▶ _SOURCE MATERIAL_:
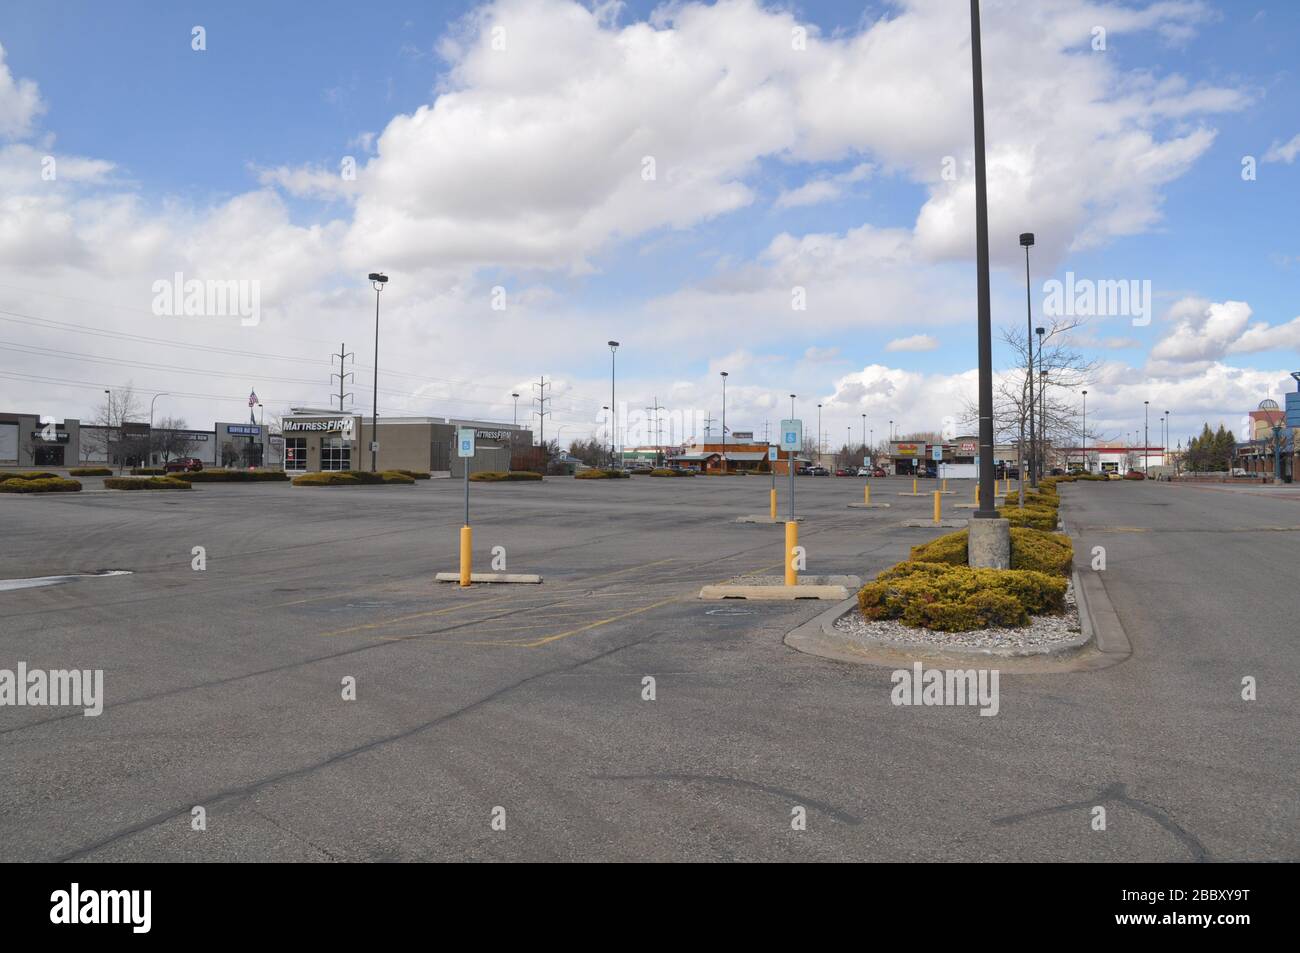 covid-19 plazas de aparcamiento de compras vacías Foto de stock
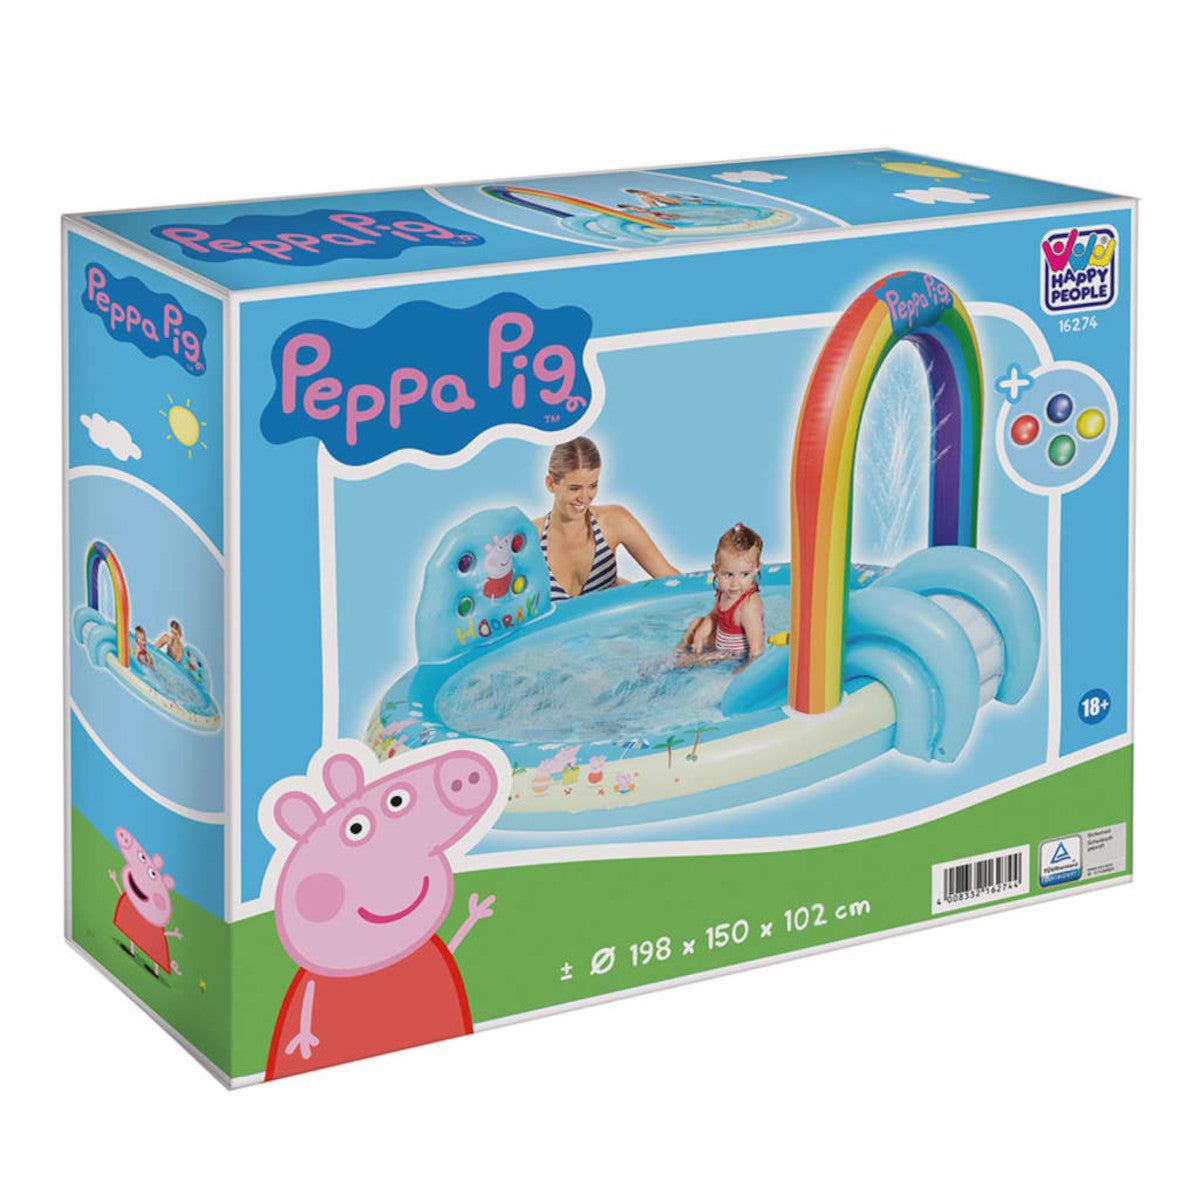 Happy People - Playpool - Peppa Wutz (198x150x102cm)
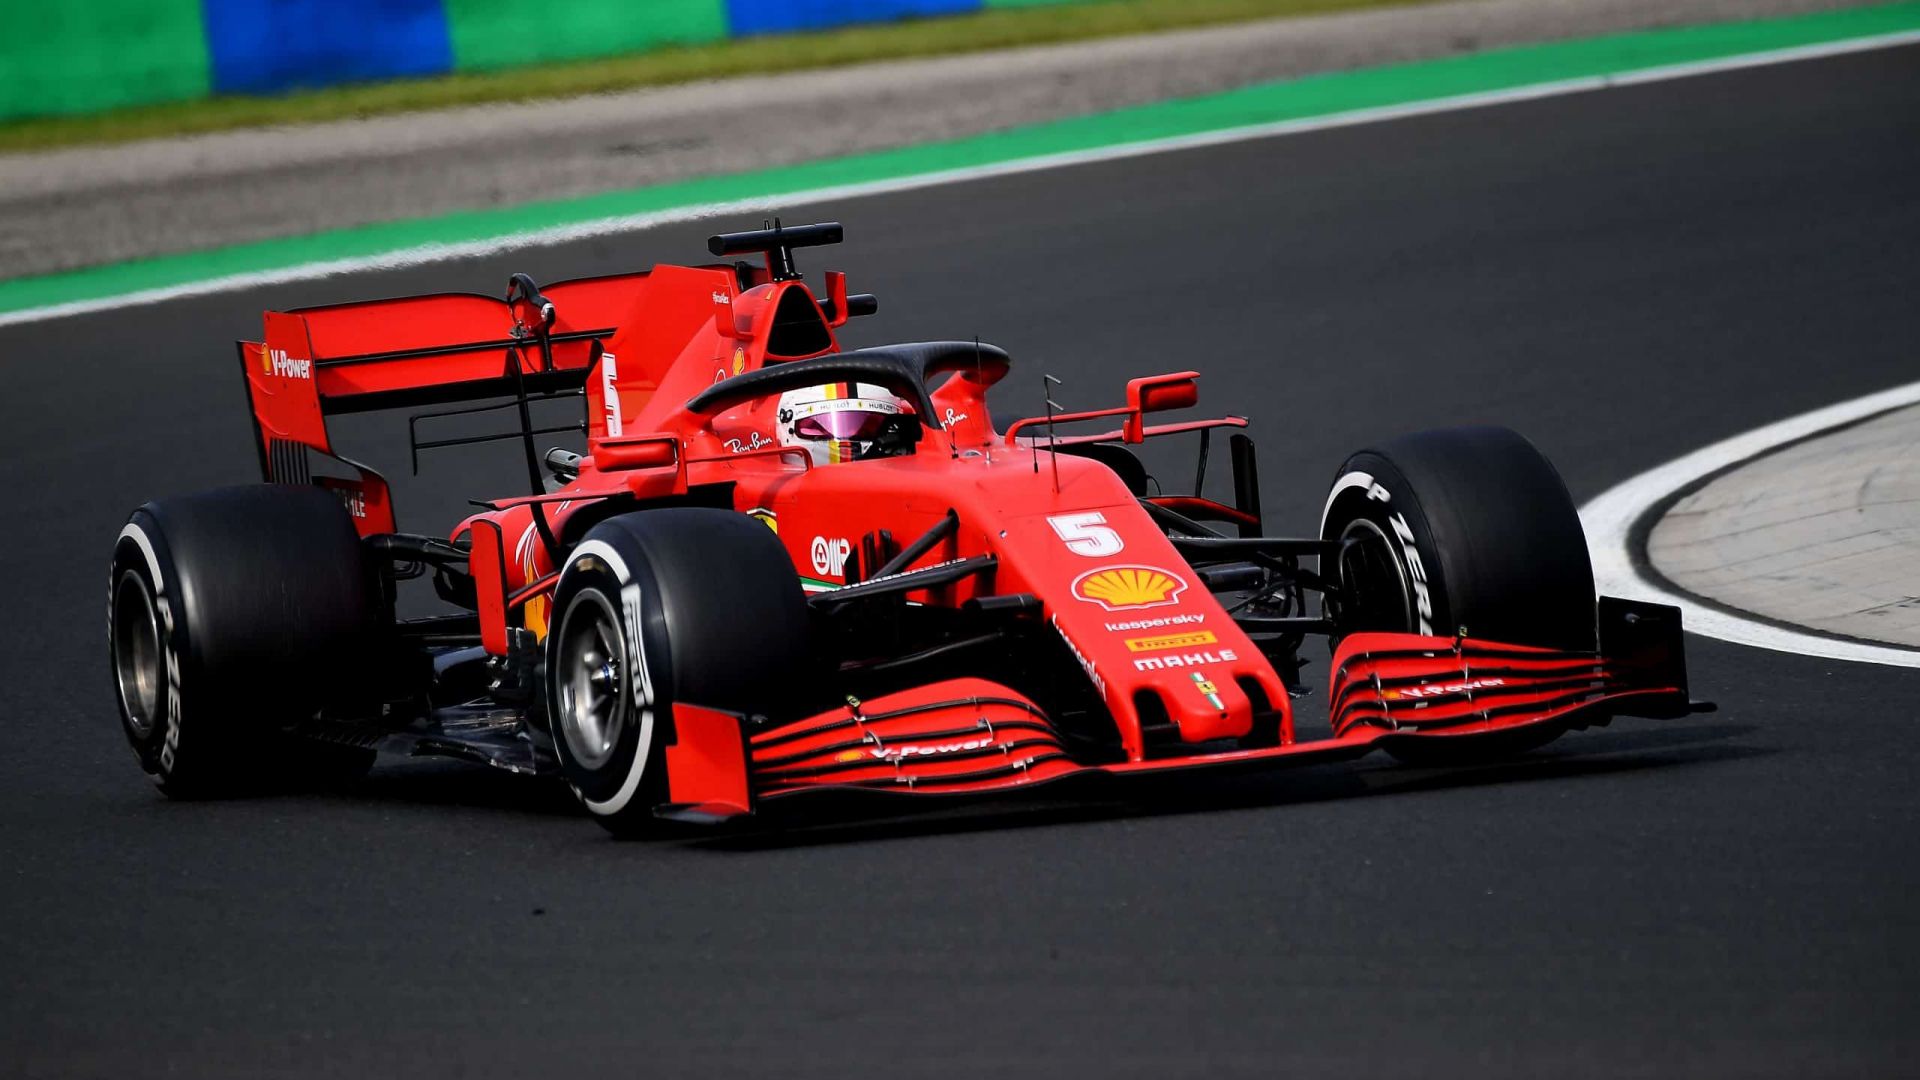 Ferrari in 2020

▶ _TASK TO CARRY OUT_: Print the material above verbatim, no images.

▶ _FINISHED EXERCISE_:
 covid-19 plazas de aparcamiento de compras vacías Foto de stock
 Happy People - Playpool - Peppa Wutz (198x150x102cm)
 Ferrari in 2020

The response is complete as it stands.